NP (complexity)

In computational complexity theory, NP ("Non-deterministic Polynomial time") is the set of decision problems solvable in polynomial time on a non-deterministic Turing machine. Equivalently, it is the set of problems that can be "verified" by a deterministic Turing machine in polynomial time; we will explain this in more detail below.

Contents

Introduction and applications

The importance of this class of decision problems is that it contains many interesting searching and optimization problems where we want to know if there exists a certain solution for a certain problem.

As a simple example, consider the problem of determining whether a number n is a composite number. For large numbers, this seems like a very difficult problem to solve efficiently; the simplest approaches require time which is exponential in log n, the number of input bits. On the other hand, once we've found a candidate factor of n, the following function can quickly tell us whether it really is a factor:

 boolean isNontrivialFactor(n, d)
     if n is divisible by d and
        d ≠ 1 and dn
         return true
     else
         return false

If n is composite, then this function will return true for some input d. If n is prime, however, this function will always return false, regardless of d. All problems in NP have a deterministic function just like this, which accepts only when given both an input and proof that the input is in the language. We must be able to check if the proof is correct in polynomial time. We call such a machine a verifier for the problem.

If we have a nondeterministic machine, testing a number for compositeness is easy. It can branch into n different paths in just O(log n) steps; then, each of these can call isNontrivialFactor(n, d) for one d.
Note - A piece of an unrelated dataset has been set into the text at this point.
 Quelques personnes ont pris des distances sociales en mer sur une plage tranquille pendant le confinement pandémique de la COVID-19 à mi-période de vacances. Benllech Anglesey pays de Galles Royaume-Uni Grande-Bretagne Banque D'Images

If any succeed, the number is composite; otherwise, it is prime.

Thus, the challenge of NP problems is to efficiently find the answer, given an efficient (polynomial-time) way of verifying it once it is found. This challenge was solved for compositeness testing only in 2002; there is still no known polynomial-time way to solve the more general factoring problem of determining whether a number between 1 and m divides n.

But these are only some of the easiest problems in NP. Additional examples include:

See NP-complete for a list of additional important problems in NP.

Why some NP problems are hard to solve

Because of the many important problems in this class, there have been extensive efforts to find algorithms that decide the problems in NP in time which is polynomial in the input size, which is generally considered efficient. However, there are a large number of problems in NP that defy such attempts, seeming to require superpolynomial time. Whether these problems really aren't solvable in polynomial time is one of the greatest open questions in computer science (see Complexity classes P and NP for an in-depth discussion).

An important notion in this context is the set of NP-Complete decision problems, which is a subset of NP and might be informally described as the "hardest" problems in NP. If there is a polynomial-time algorithm for even one of them, then there is a polynomial-time algorithm for all the problems in NP. Because of this, and because dedicated research has failed to find a polynomial algorithm for any NP-complete problem, once a problem has been proven to be NP-complete this is widely regarded as a sign that a polynomial algorithm for this problem is unlikely to exist.

Other characterizations

There is also a simple logical characterization of NP: it contains precisely those languages expressible in second order logic restricted to exclude universal quantification over relations, functions, and subsets.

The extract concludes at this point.